Anyone who has been keeping a keen eye on the shifting paradigms of modern day technology does not really need an introduction to the terms Python and machine learning. That being said we shall take a brief look at them for the record. Then we can move on to examine the contribution of Python in making machine learning easier.
Machine learning has been among the major buzz words across the techworld for a considerable amount of time now. And why not? The world had always envisaged a future where machines will do the bidding of man and machine learning makes it possible.
We can define machine learning as a discipline that focuses on training a machine that can act without being explicitly programmed. However, you should not imagine this self functioning machine as a giant robot that can do whatever it wants and can go out of control. These are essentially programs featuring algorithms that are trained to learn from data and make predictions and recognitions. For example you can train a machine learning algorithm to predict certain movements in the stock market by exposing it to a significant amount of data.
Python is one of the most popular programming languages of this era. This open source tool has won a lot of hearts as well as the title of the most popular language in various lists. It has a simple syntactic system, a relatively easy learning curve, a dedicated community of developers and a large number of libraries. Python is brilliantly suited for general purpose coding but we are going to focus on its utility towards the cause of machine learning. Our goal is to find out why professionals are so keen on performing machine learning using Python
Python has multiple libraries that are handcrafted for machine learning
Python is simple yet effective. Hence it is not surprising that it would be used for the not so simple discipline of machine learning. Developers have lined up libraries that are brilliantly suited for the purpose. Let us walk through few of those libraries and try to figure out what makes them apt.
This Python library comes with a feature called array interface. That means it can translate images, sound waves and other binary streams in array of real numbers. So, when it comes to the implementations of image processing or speech recognition, using NumPy is ipso facto inevitable. Google’s Tensorflow uses NumPy internally.
Built on NumPy this collection of mathematical algorithms gives more power to the developer.

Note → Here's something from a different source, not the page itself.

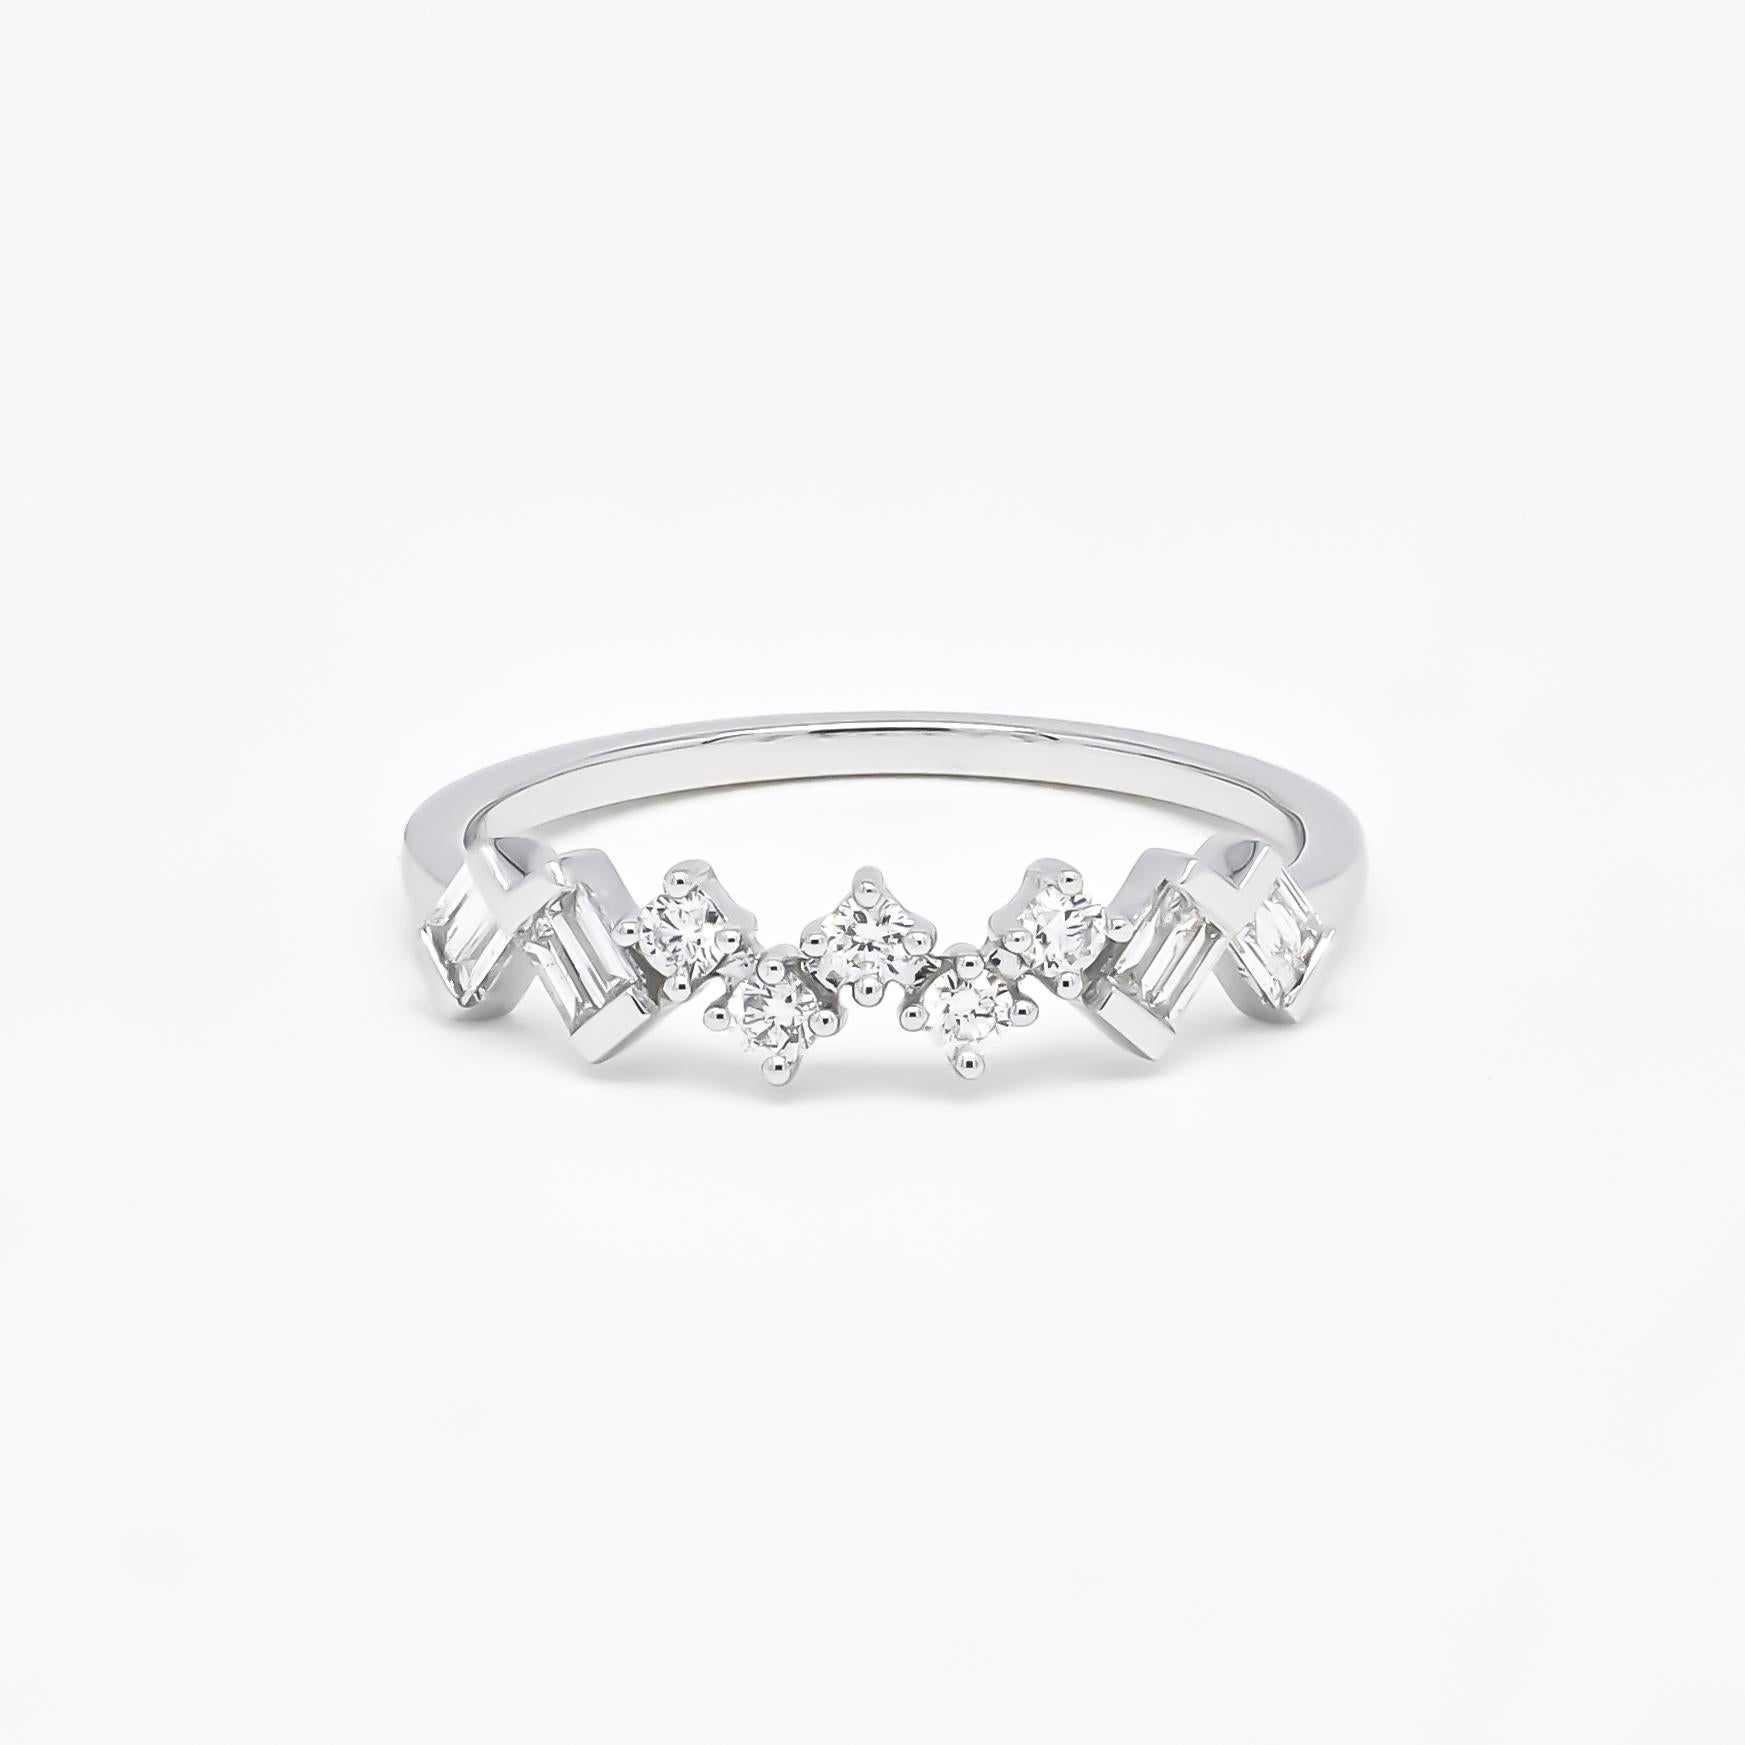 For Sale:  Natural Diamond Ring 18k White Gold Single Row Ring, Minimalistic Diamond Ring 5

It enables you to use efficient numerical routines like integration and optimization. The higher statistical ability provided by this module is definitely an aid to the cause of machine learning.
This one can be associated with both NumPy and SciPy. It is designed for enabling standard machine learning and data mining processes like classification, regression and clustering. You can apply the algorithms in this library to execute training procedures like logistic regression and nearest neighbour.
There are more libraries suited for machine learning like PyTorch, Pandas, and Keras. The last one is considered to be exceptionally suitable for the beginners.
Python has been identified as one of the most suitable languages for performing machine learning and as we have seen it is not done without valid reasons. Consequently, your ability to perform machine learning using Python can take you places.